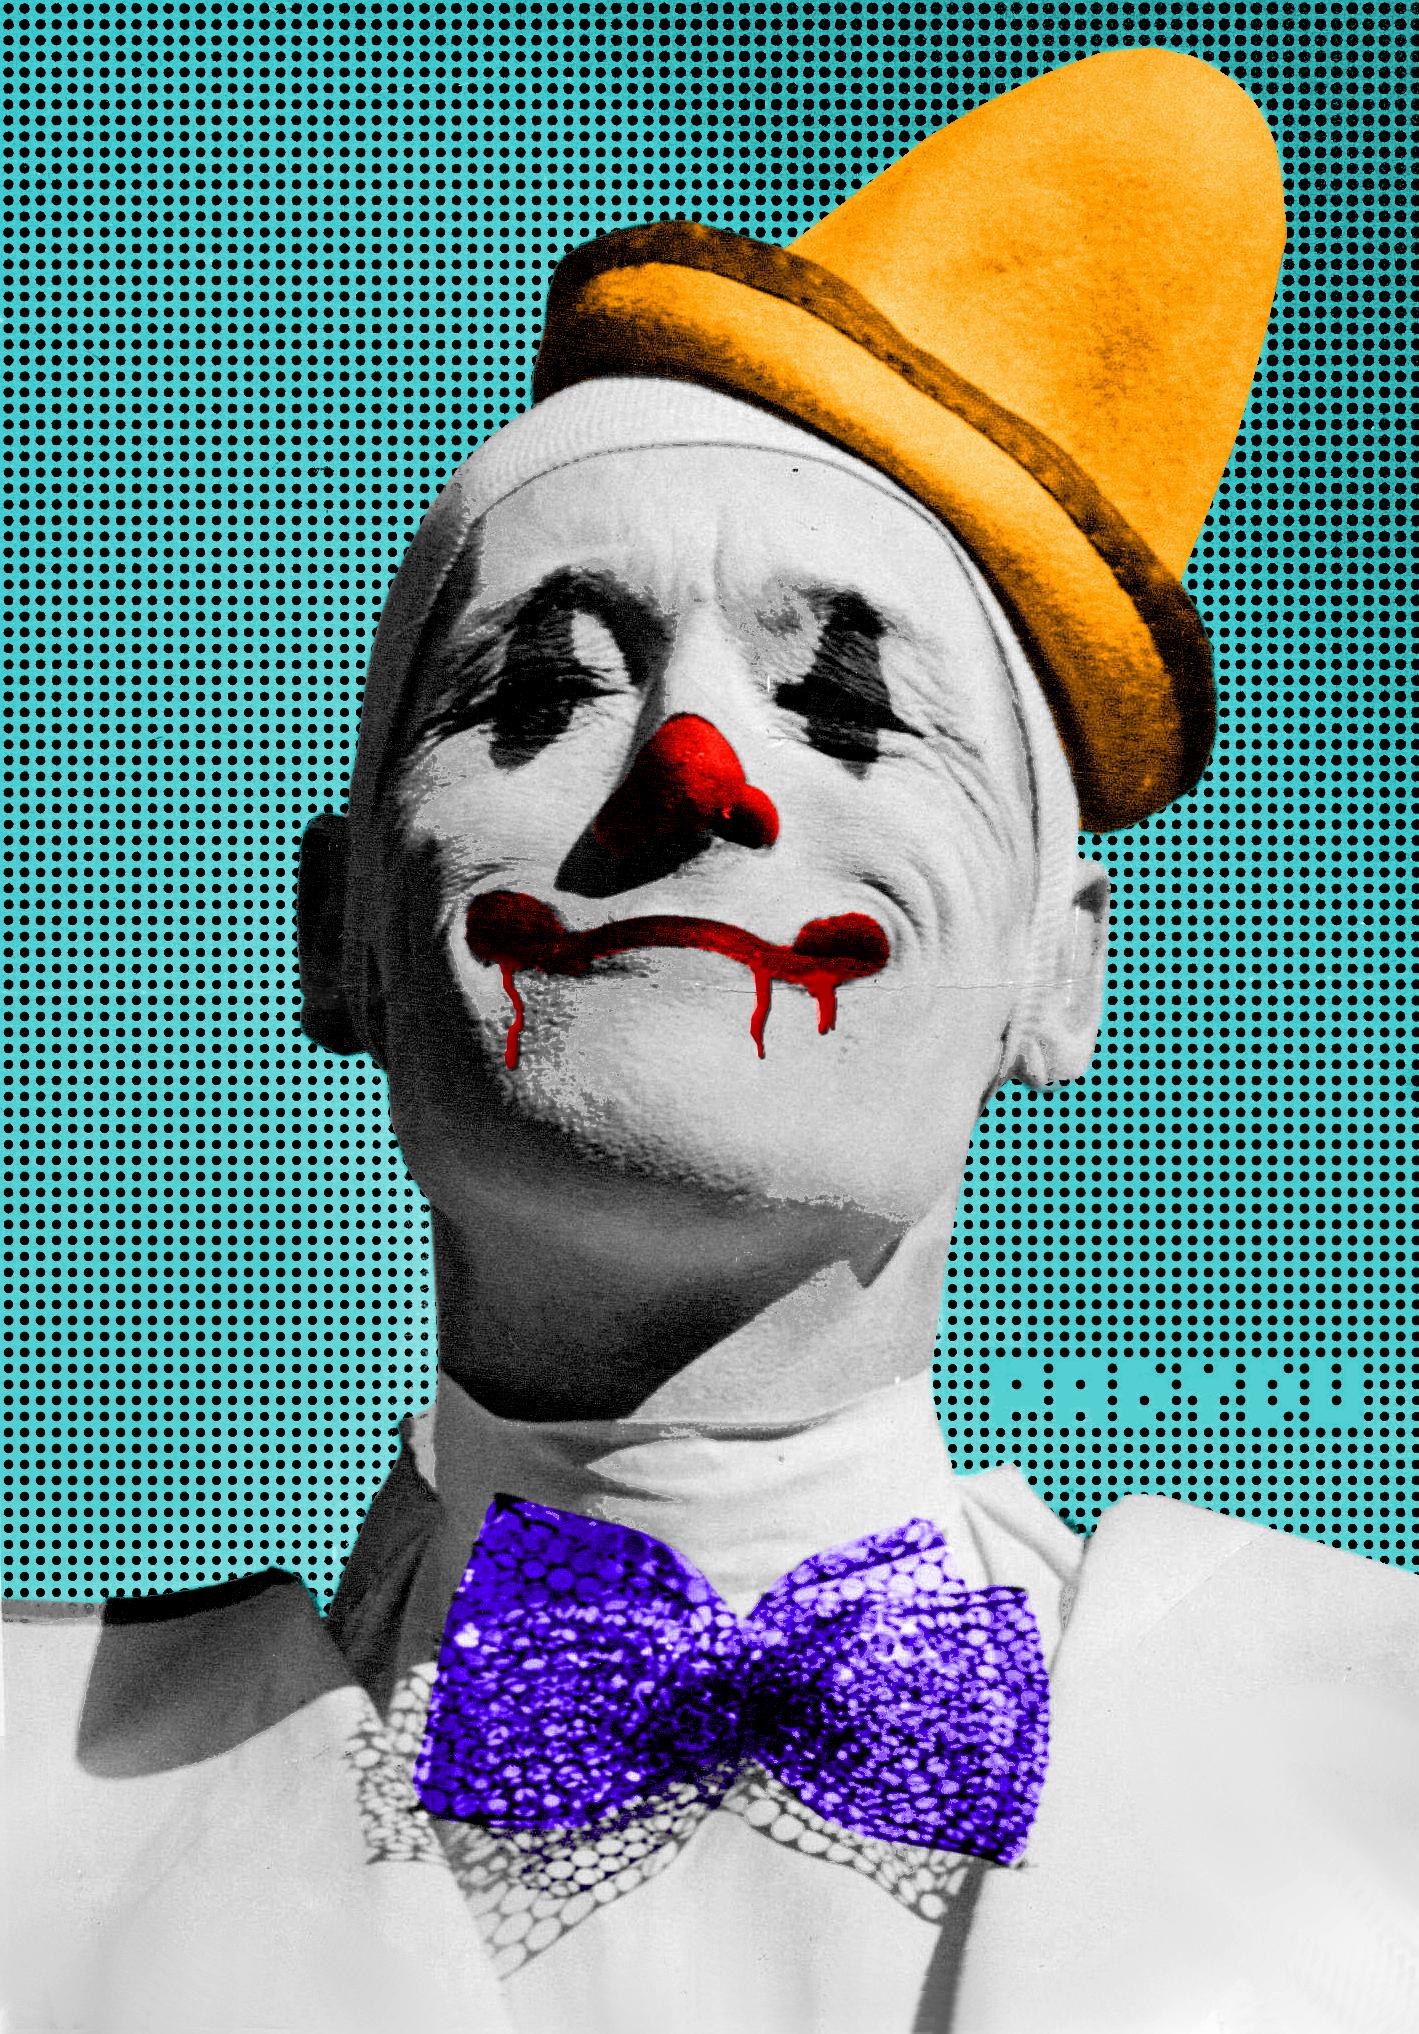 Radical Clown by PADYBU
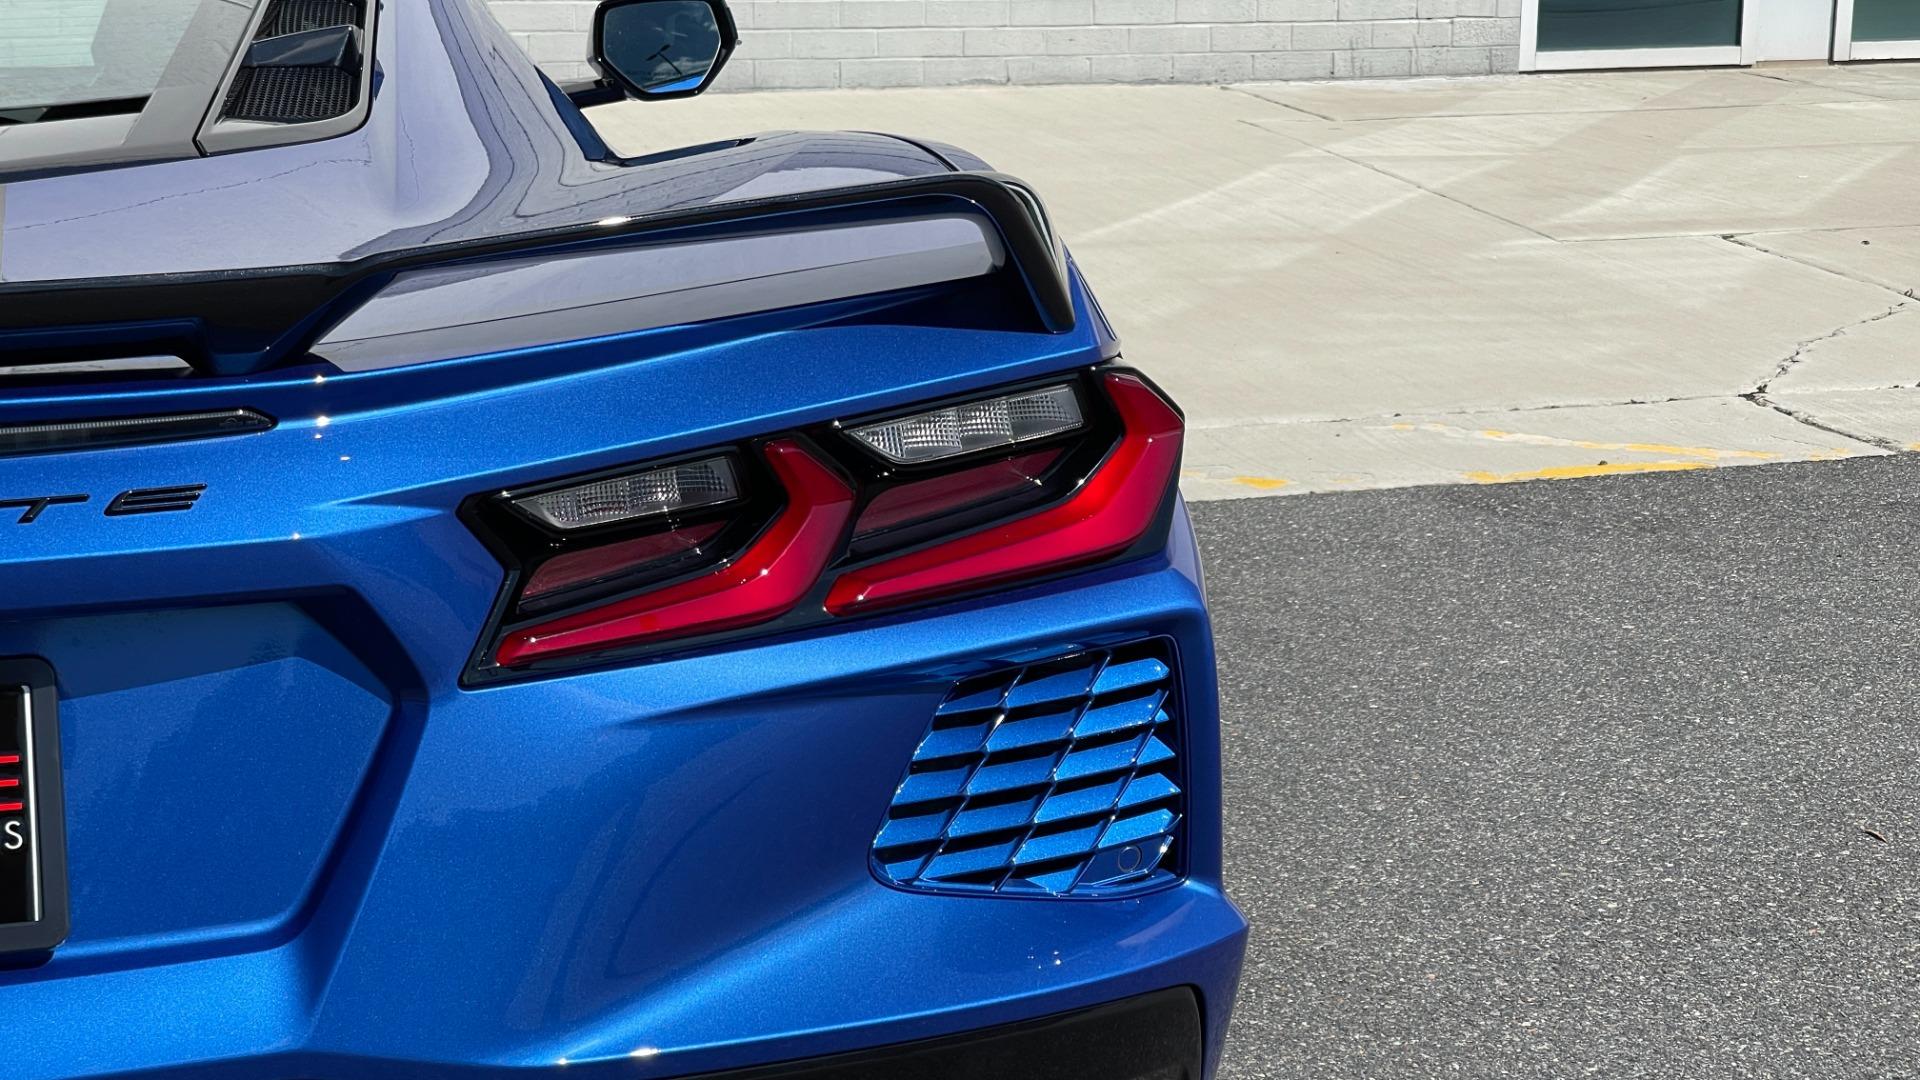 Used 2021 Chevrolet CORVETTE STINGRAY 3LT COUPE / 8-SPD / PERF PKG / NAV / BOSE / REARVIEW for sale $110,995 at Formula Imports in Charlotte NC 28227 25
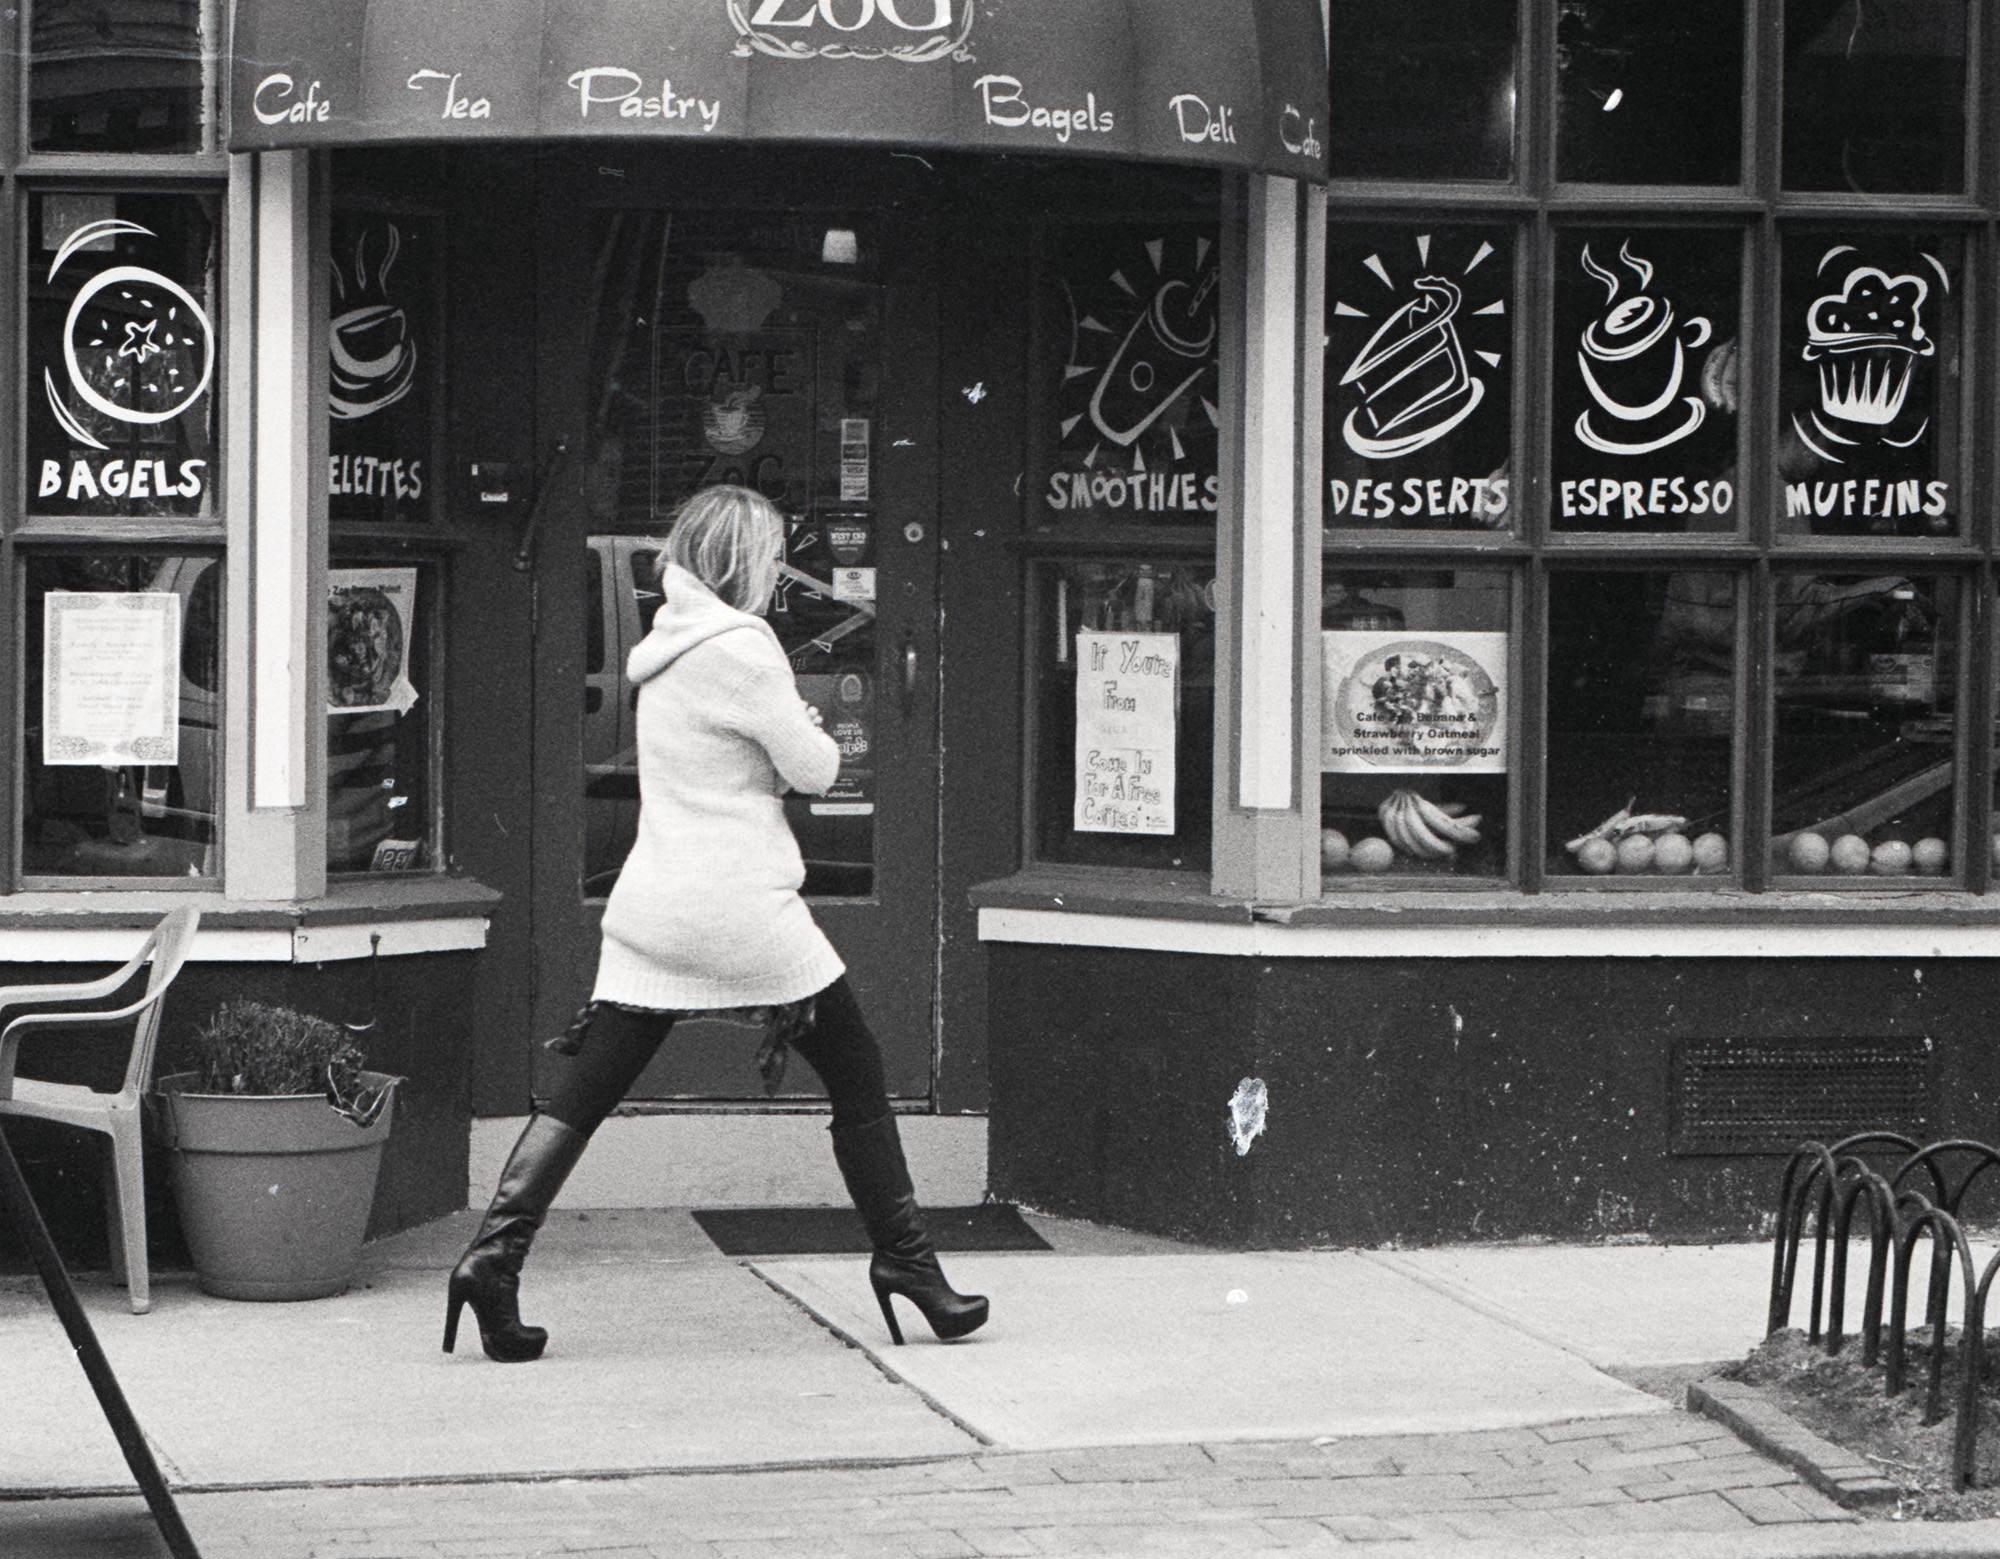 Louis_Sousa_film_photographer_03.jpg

» WORK TO BE COMPLETED
The expected output is the full data above, reproduced exactly with no images.

» OUTPUT BELOW
 Radical Clown by PADYBU
 Used 2021 Chevrolet CORVETTE STINGRAY 3LT COUPE / 8-SPD / PERF PKG / NAV / BOSE / REARVIEW for sale $110,995 at Formula Imports in Charlotte NC 28227 25
 Louis_Sousa_film_photographer_03.jpg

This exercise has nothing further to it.